• **What you have to do**: This exercise calls for retyping every line below exactly, with the images omitted.

• **Data segment**:
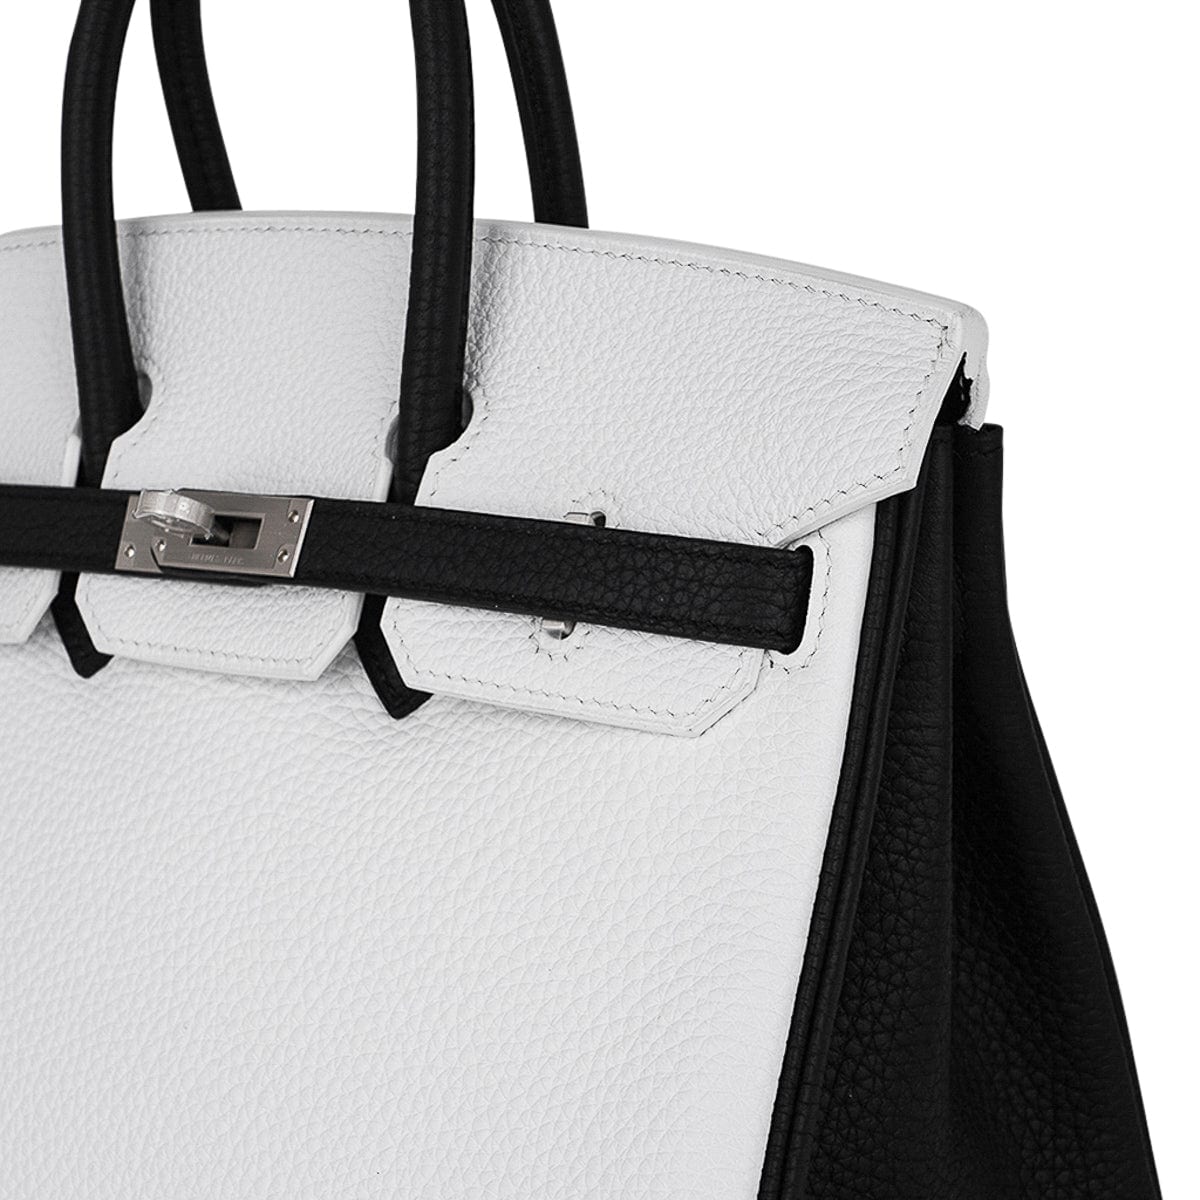 Hermes Birkin 25 Handbag Sienne Clemence with Palladium Hardware
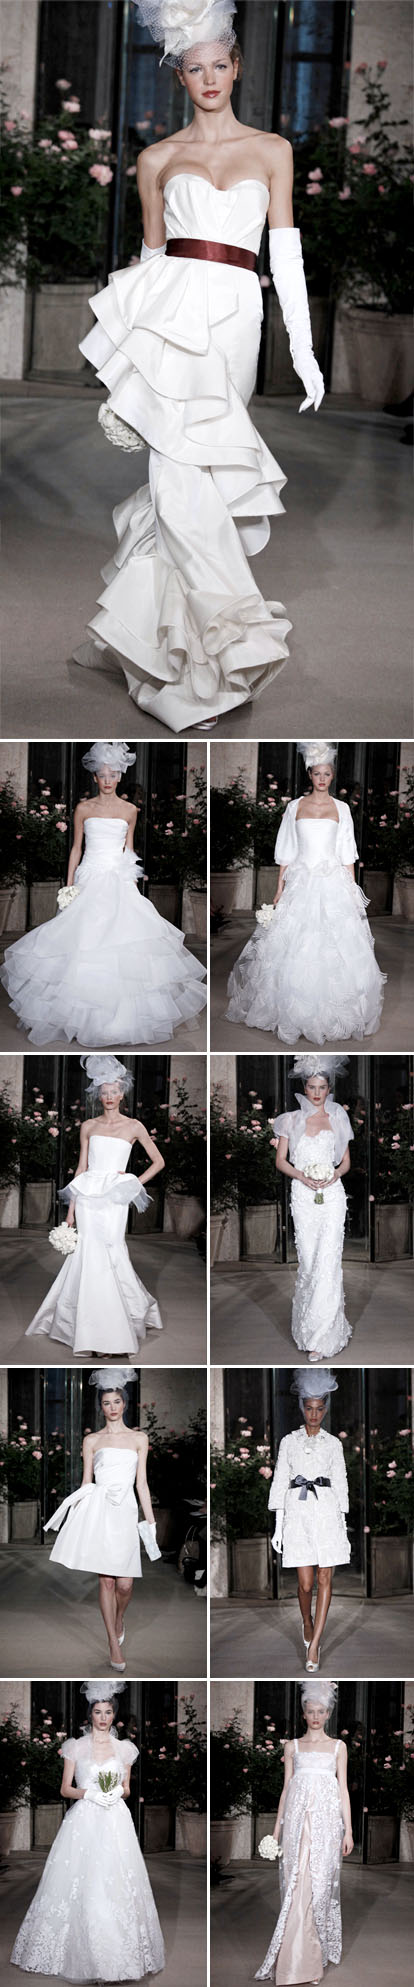 Oscar de la Renta spring 2010 bridal collection, runway highlights
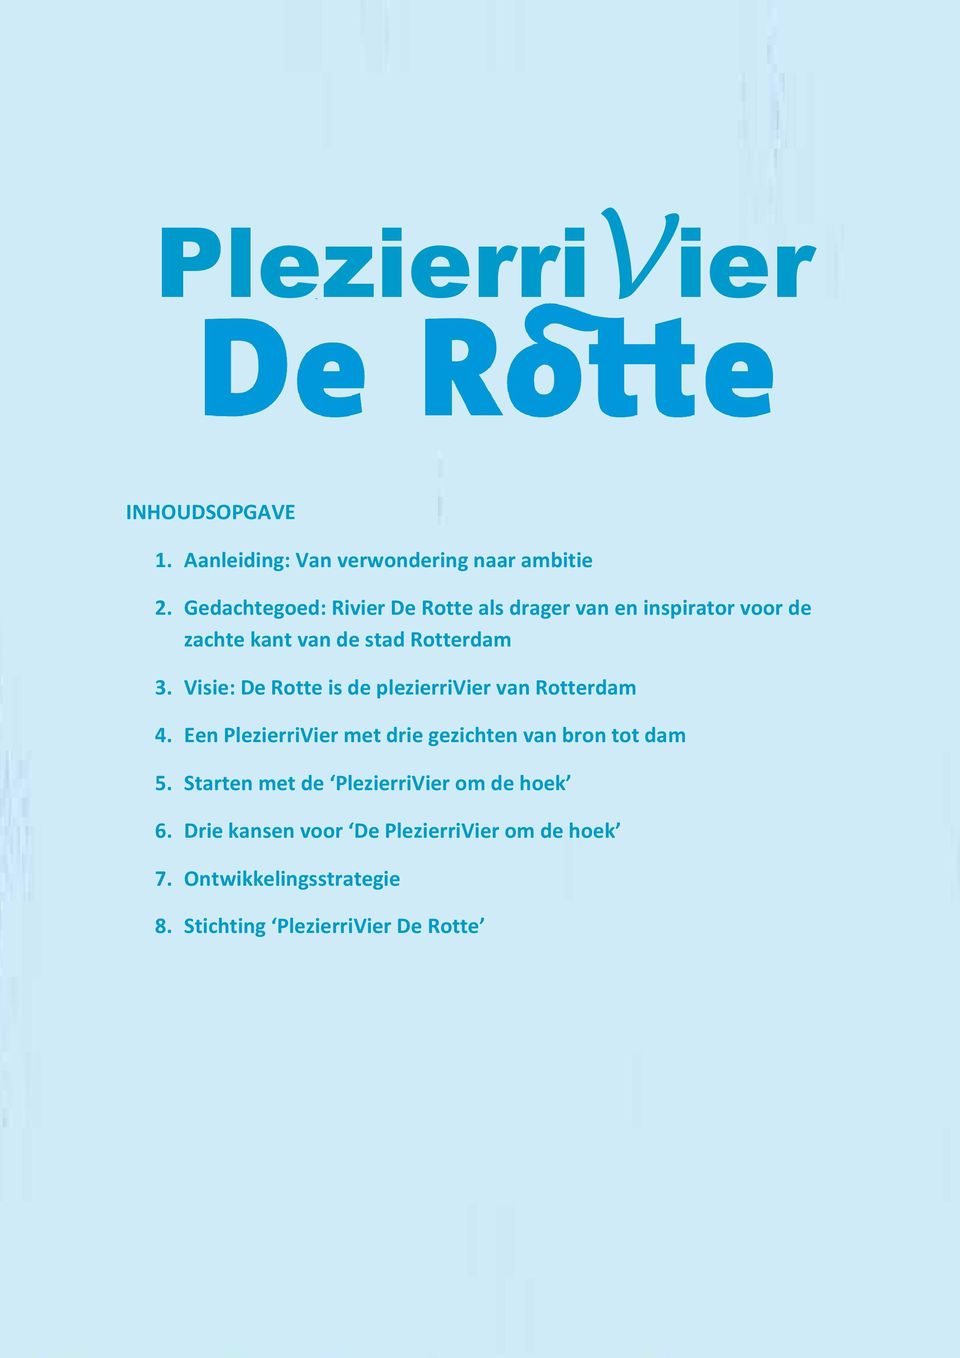 Visie: De Rotte is de plezierrivier van Rotterdam 4. Een PlezierriVier met drie gezichten van bron tot dam 5.

• **Task result**:
 Hermes Birkin 25 Handbag Sienne Clemence with Palladium Hardware
 Oscar de la Renta spring 2010 bridal collection, runway highlights
 Visie: De Rotte is de plezierrivier van Rotterdam 4. Een PlezierriVier met drie gezichten van bron tot dam 5.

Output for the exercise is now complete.